:: Data ::
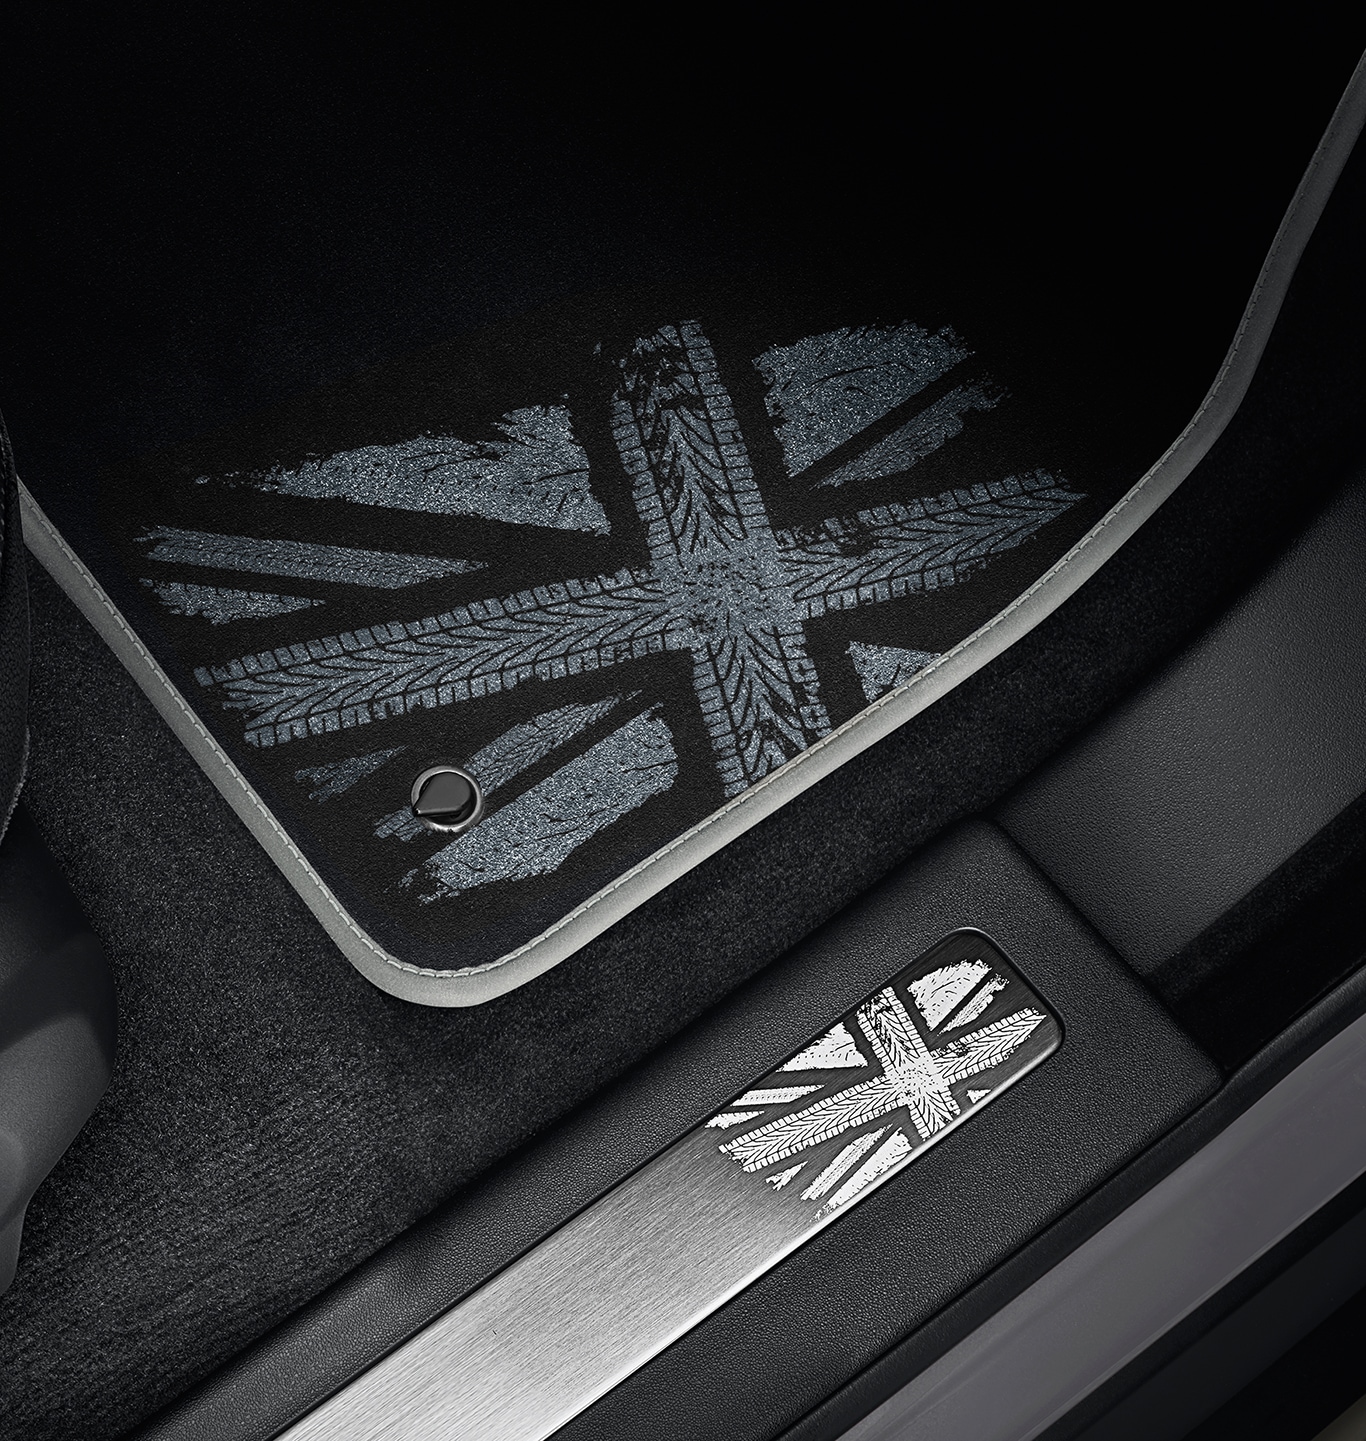 地毯脚垫套装-英国国旗风格，单色，左驾车型
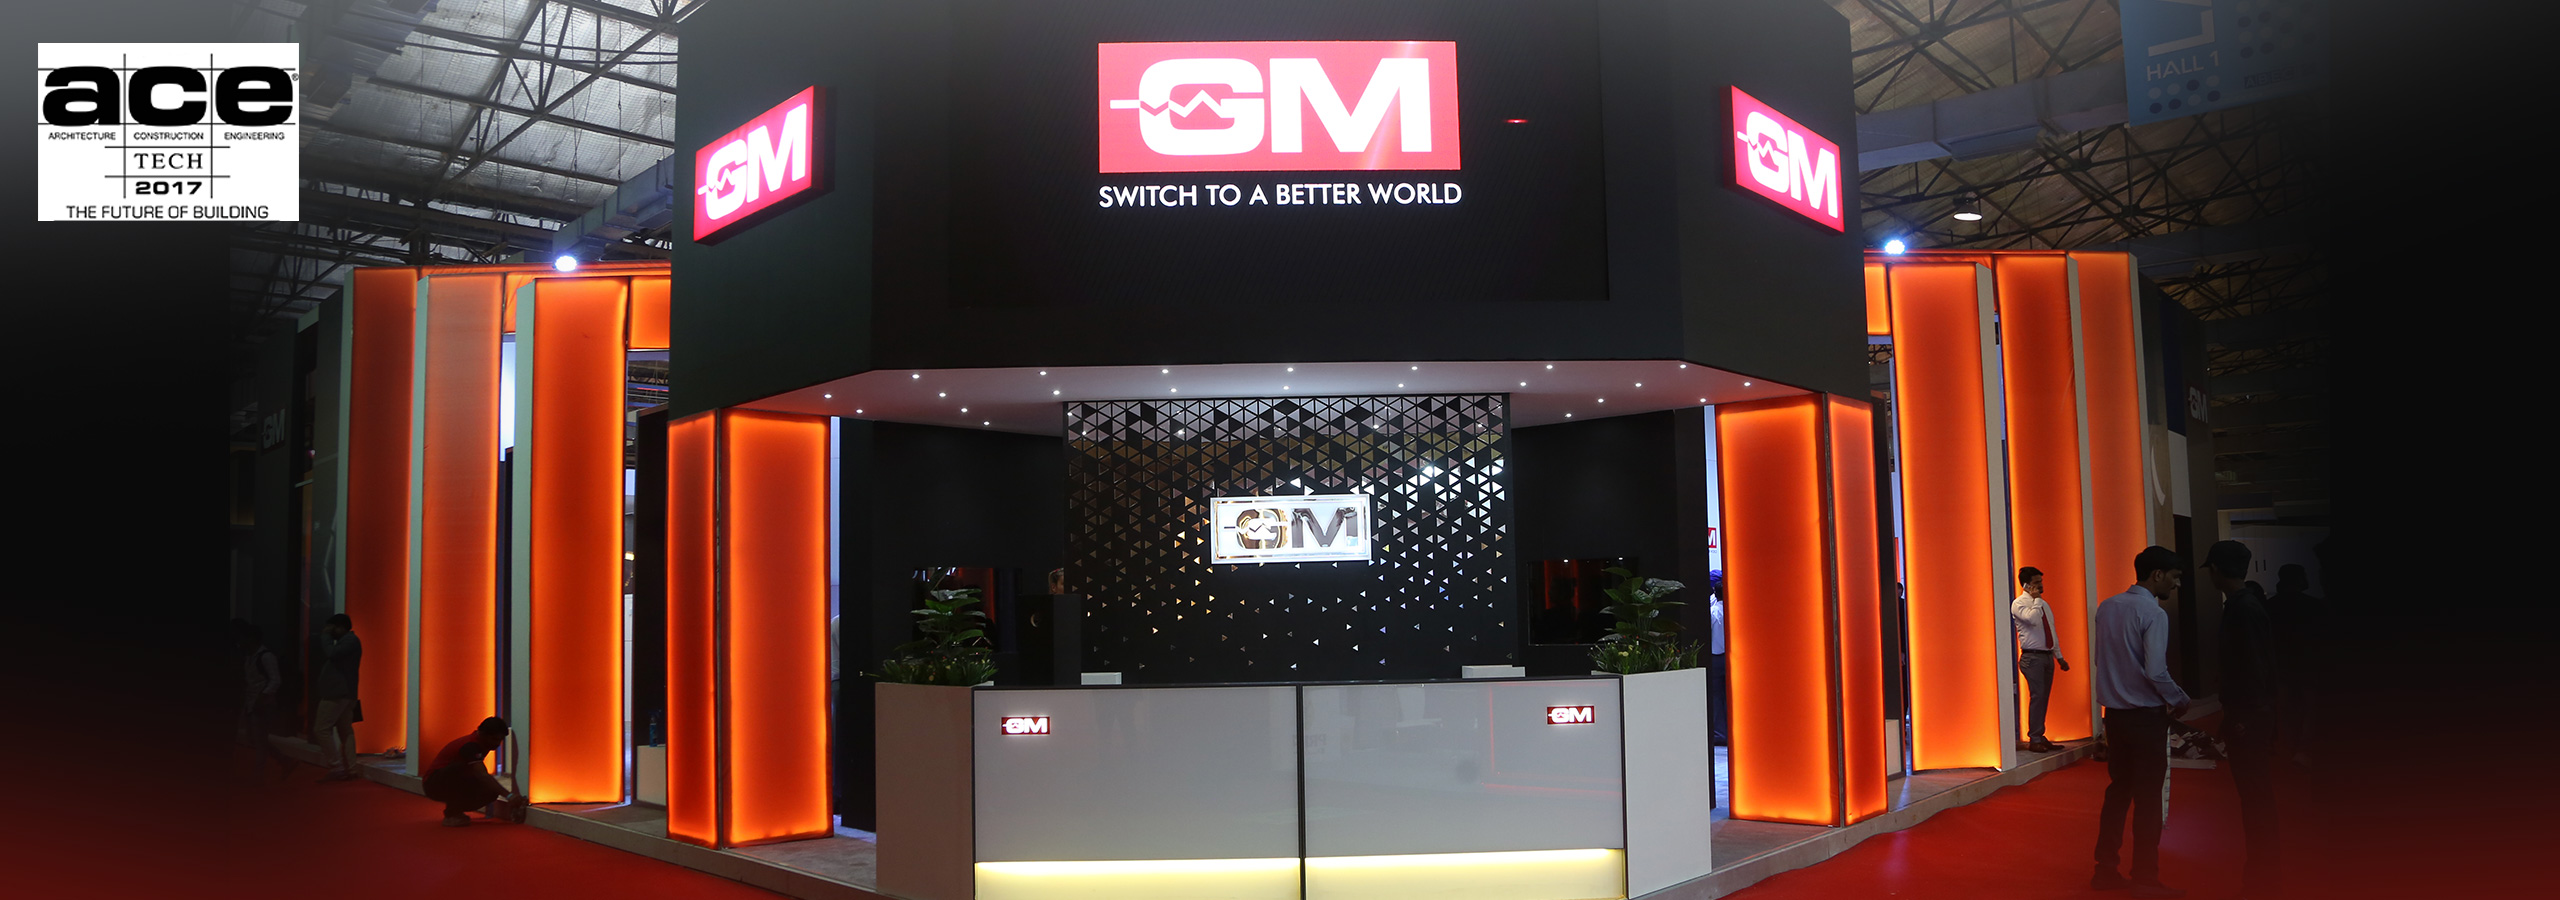 GM at AceTech Delhi 2017, Graceful as ever
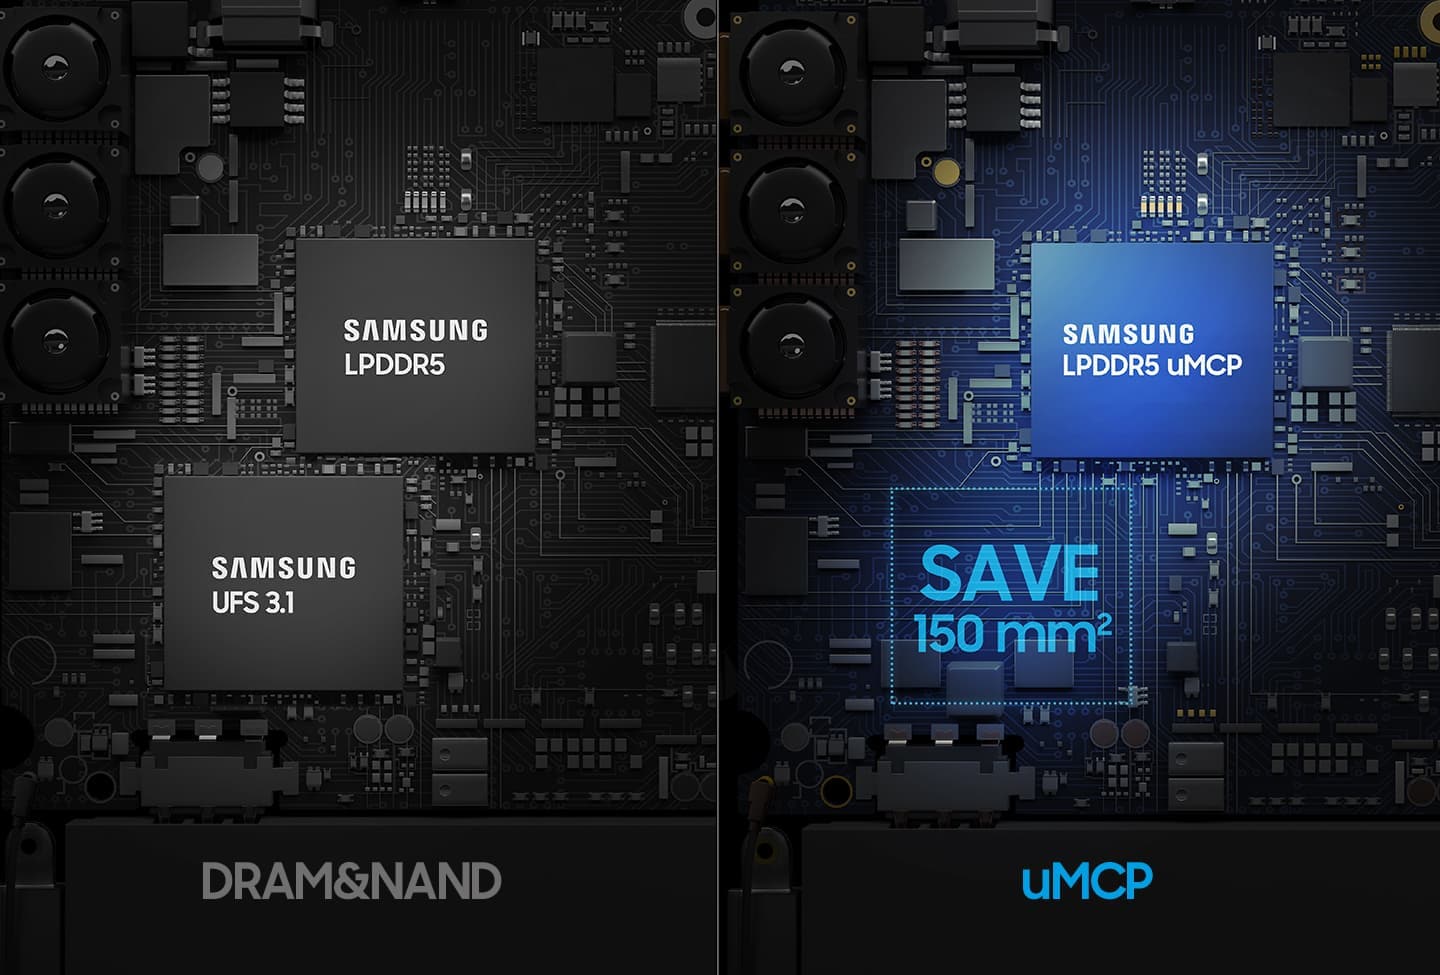 왼쪽에는 LPDDR5 와 UFS 3.1의 제품이 있고, 오른쪽에는 SAMSUNG LPDDR5 uMCP 제품이 있으며 배치된 공간의 크기를 비교 하는 이미지입니다.

:: Your goal ::
The material is to be written out word for word, and the pictures are to be left out.

:: Written reply ::
 地毯脚垫套装-英国国旗风格，单色，左驾车型
 GM at AceTech Delhi 2017, Graceful as ever
 왼쪽에는 LPDDR5 와 UFS 3.1의 제품이 있고, 오른쪽에는 SAMSUNG LPDDR5 uMCP 제품이 있으며 배치된 공간의 크기를 비교 하는 이미지입니다.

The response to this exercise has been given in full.